Rework FDT dedup log sync #17038

pcd1193182 · 2025-02-07T20:55:05Z

This PR condenses the FDT dedup log syncing into a single sync pass. This reduces the overhead of modifying indirect blocks for the dedup table multiple times per txg. In addition, changes were made to the formula for how much to sync per txg. We now also consider the backlog we have to clear, to prevent it from growing too large, or remaining large on an idle system.

Sponsored-by: Klara, Inc.
Sponsored-by: iXsystems, Inc.

Authored-by: Don Brady [email protected]
Authored-by: Paul Dagnelie [email protected]

Motivation and Context

When flushing the DDT log, currently this takes place over multiple sync passes. This means that the same indirect blocks can be updated several times during one sync, which sort of defeats the purpose the DDT log was meant to solve in the first place. In addition, there is no mechanism in place to reduce the size of the DDT log; we try to keep up with the ingest rate, but that's it. If it ever does grow to a large size, we may never make progress in reducing the size, which can result in increased import times.

Description

There are two main changes included in this patch. The first is condensing all the syncing into a single sync pass. We do this by removing the code that divided the flush targets by the number of passes, and generally not doing any work beyond the first sync pass.

The second is the modification to the flush targets for each txg. The basic algorithm has changed; rather than directly targeting the ingest rate, the primary mechanism for determining how much to flush is by looking at the size of the backlog and dividing it by a target turnover rate (measured in TXGs).

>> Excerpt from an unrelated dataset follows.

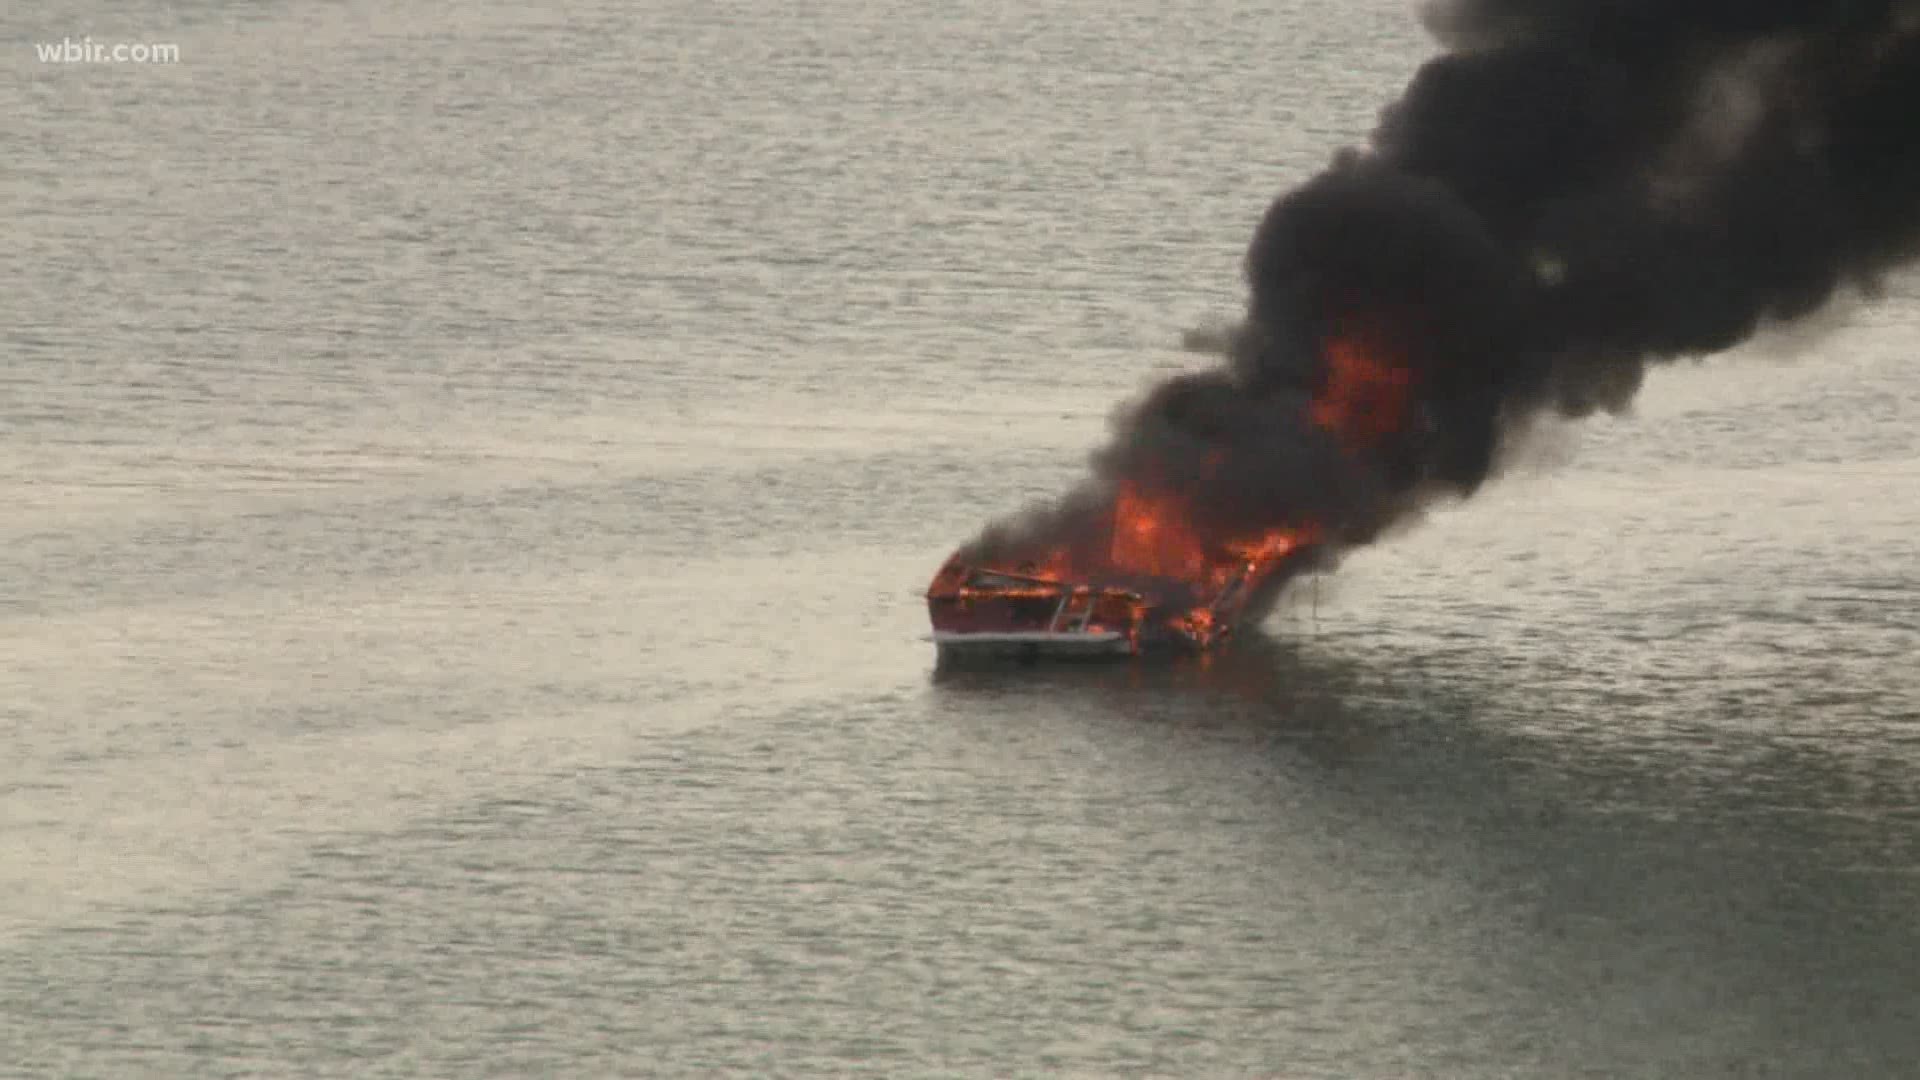 THE KNOXVILLE FIRE DEPARTMENT SAID TWO PEOPLE WERE ON BOARD THE BOAT WHEN THE FIRE STARTED.
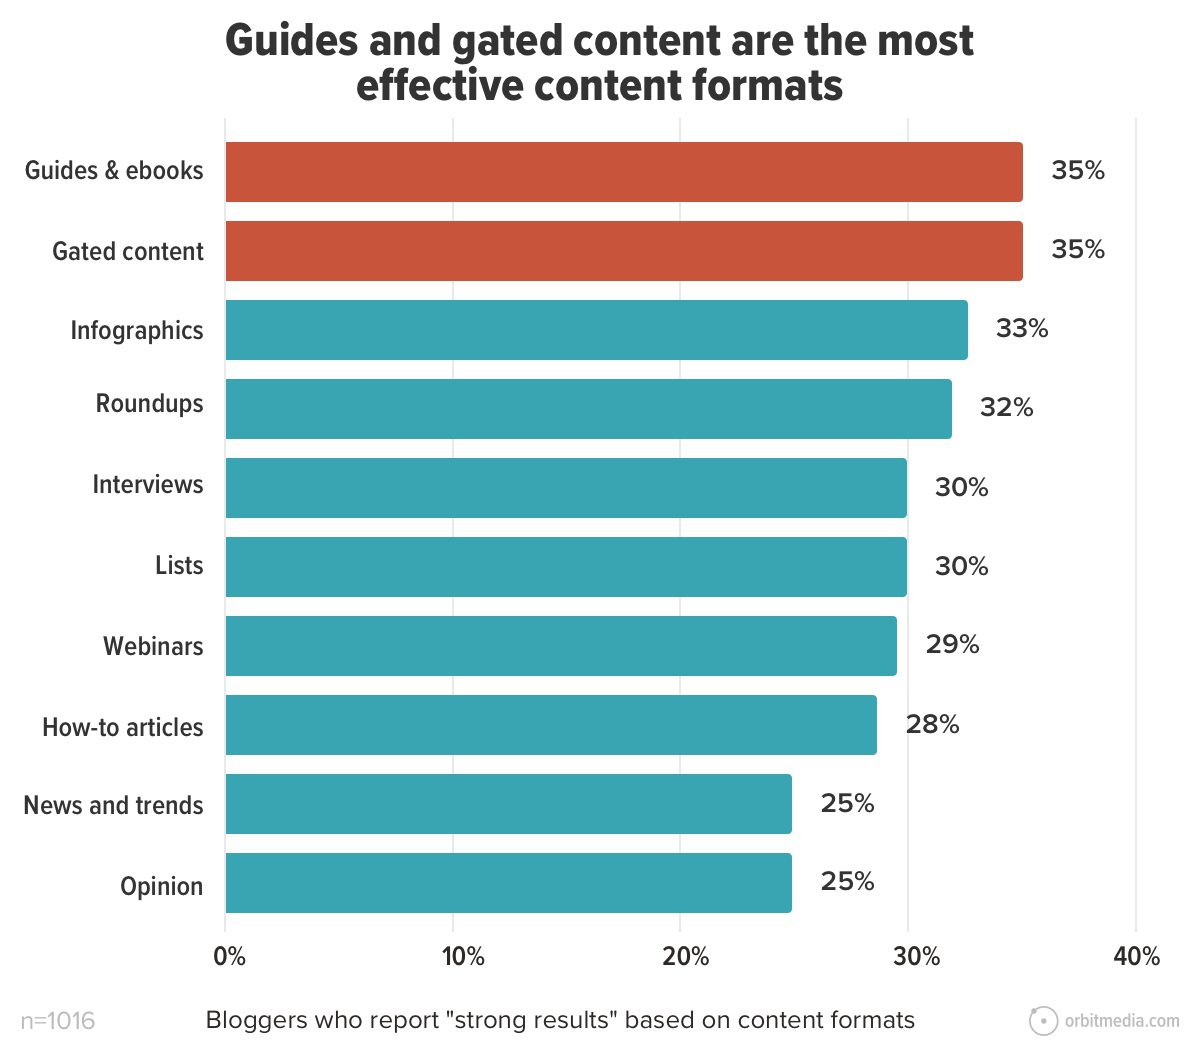 bar chart showing that guides, ebooks, and gated content are the most effective

The idea is that this will smooth out the noise in the ingest rate, and over time, the flush rate will match the ingest rate. This is the result of a differential equation: dbacklog/dt = ingest_rate - backlog/C describes the change in backlog over time. This results in the backlog tending towards C * ingest_rate, where C is the turnover rate. Then the flush rate is C * ingest_rate / C, which is just the ingest rate.

However, one potential issue with this algorithm is that the backlog size is now proportional to the ingest rate. Whenever we do an import of the pool, we have to read through the whole DDT log to build up the in-memory state. If a user has hard requirements on import time, then large DDT log backlogs can cause problems for them. As a result, there is a separate pressure-based system to keep the backlog sizing from rising above a cap, when that cap is set. The way the pressure system works is that every txg, pressure is added if the backlog is above the cap and increasing; the amount added is proportional to the backlog divided by the cap, which helps us catch up to rapid spikes. If the backlog is above the cap but not increasing, we maintain the pressure; either it was a brief spike, or we've added enough pressure to bring the size down. Finally, if the backlog is below the cap, we release some of the pressure. The pressure is based on how far below the cap we are; that way, we quickly release pressure if the increased ingest rate abates, and we return to normal behavior. Here is a few charts to help demonstrate the behavior of this cap system:

In this example, we start with an ingest rate of 2k entries per second. We have a cap of 50k set, and the target turnover rate is 20 ( 20 make the changes happen more quickly, and be easier to see). At txg 10, the ingest rate increases by a factor of 3, and then at TXG 100 it decreases to the baseline. As you can see, the un-capped backlog quickly grows as the flush rate slowly rises to match the new ingest rate. Meanwhile, the capped backlog's flush rate climbs quickly to bring the backlog down near the cap, and then stabilizes to keep it there. Similarly, when the ingest rate drops, the un-capped backlog quickly starts falling as the flush rate slowly drops to the new baseline. Meanwhile the cap-based system starts to flush below the cap size and then corrects, levelling off quickly near the previous baseline.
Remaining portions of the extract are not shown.